When GAR’s new guidelines were announced in 2011, many observers, including Greenpeace, hailed the commitments as setting a new standard in sustainable palm oil production. Besides committing not to plant on any land that was primary forest, GAR agreed to tough bans on cultivating palms on high carbon stock (HCS) forest and peat land—commitments that made the company a leader in the fight against deforestation. The company also agreed to third-party verification of its operations. Both Nestlé and Unilever returned as customers.

GAR and Greenpeace hoped that GAR’s commitments would spur other companies and environmental groups to embrace higher standards. But in 2013, obstacles to this goal remained. The Roundtable for Sustainable Palm Oil (RSPO), an industry group of producers and palm oil customers, was promulgating a "sustainable" palm oil standard that Greenpeace and other environmentalists believed would allow substantial deforestation. Worse still, the supply of RSPO-certified sustainable palm oil was greater than the demand for this product.

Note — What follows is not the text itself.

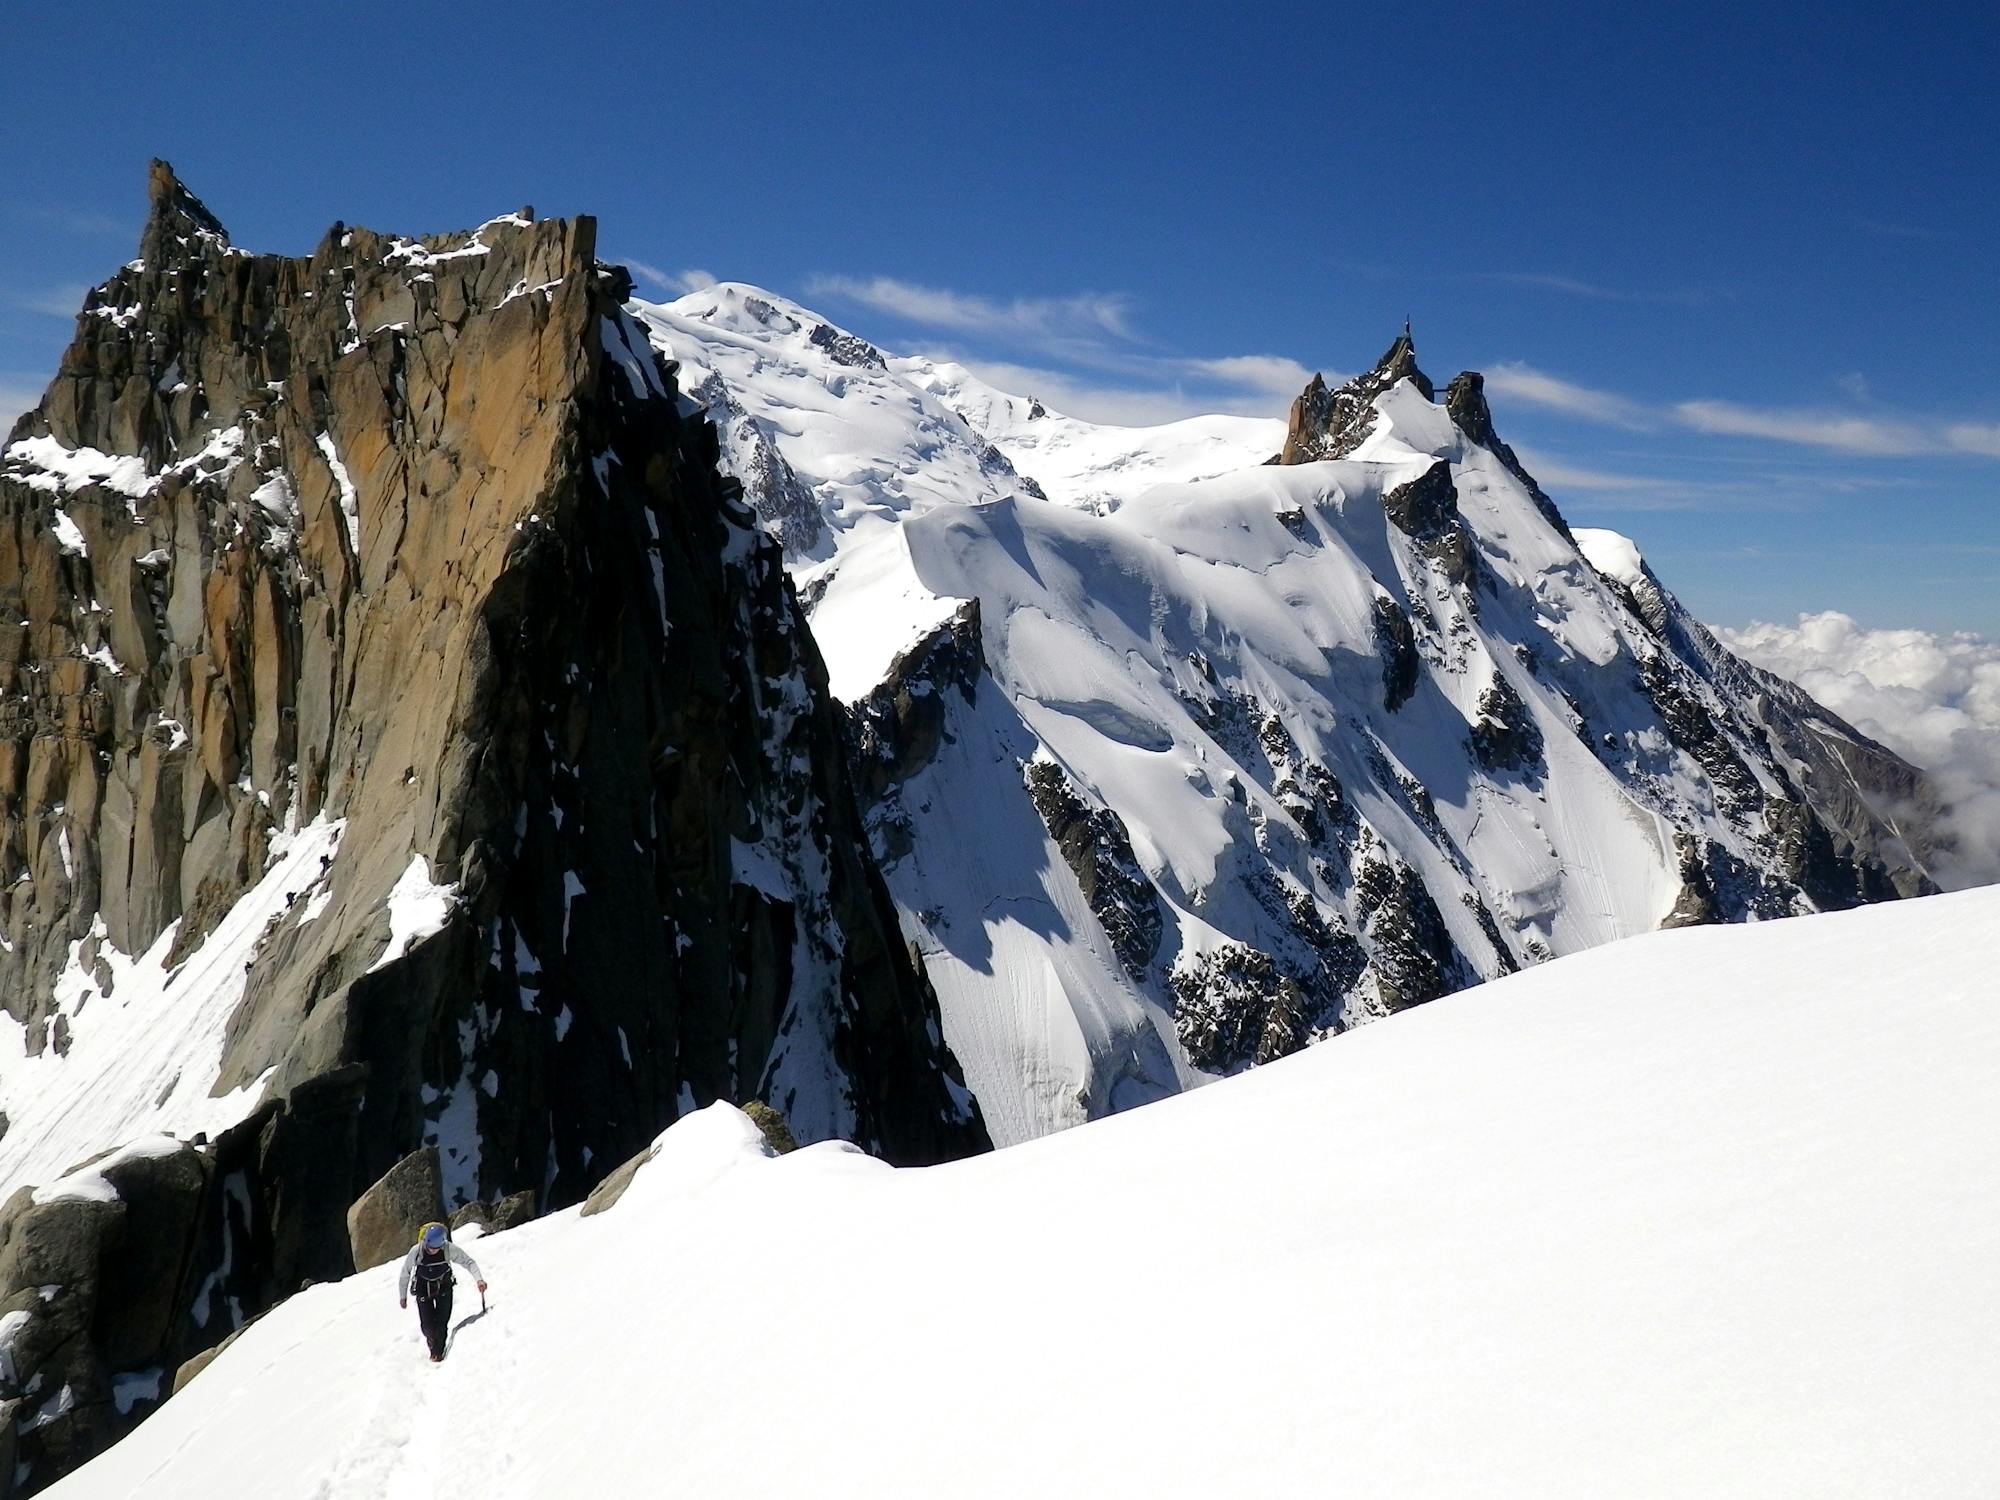 Climbing the final slope to the Aiguille du Plan summit tower.

Meanwhile, the Indonesian government was trying hard to balance environmental concerns with economic development. Palm oil was an important economic lever in rural development. To better accommodate the interest of small palm oil farmers, the Indonesian government created its own certification organization, the ISPO, which many argued had even lower standards than the RSPO. Local communities within Indonesia had a mixed relationship with large palm oil companies. On one hand some were resistant to letting plantations set aside land for conservation, since they wanted to maximize opportunities for small farmers. On the other hand, many communities had been in conflict with the companies since their concessions abrogated traditional land claims.

GAR was proud of its position as a sustainable palm oil company, but the company had to consider its commitments in light of the competitive and regulatory environment of the countries in which it operated. The company’s leadership had described the agreement with Greenpeace as important, but argued that the compact had not significantly altered the way the company did business, since the company "had sustainability in its blood." GAR also downplayed the importance of the differences among the standards to which it had committed with Greenpeace, those promulgated by the RSPO, and those that were being considered by ISPO. Company officials described each standard-setting organization as a forum where ideas could be shared and a consensus forged. GAR had committed to having all of its palm oil certified by the RSPO by 2015 and participating in the organization’s discussions. It was working with the Indonesian government to frame the requirements for ISPO.

But would GAR’s conciliatory approach to working with so many groups be sufficient to satisfy all of the stakeholders? Or would the company have to take sides in an environment where groups held such markedly different positions?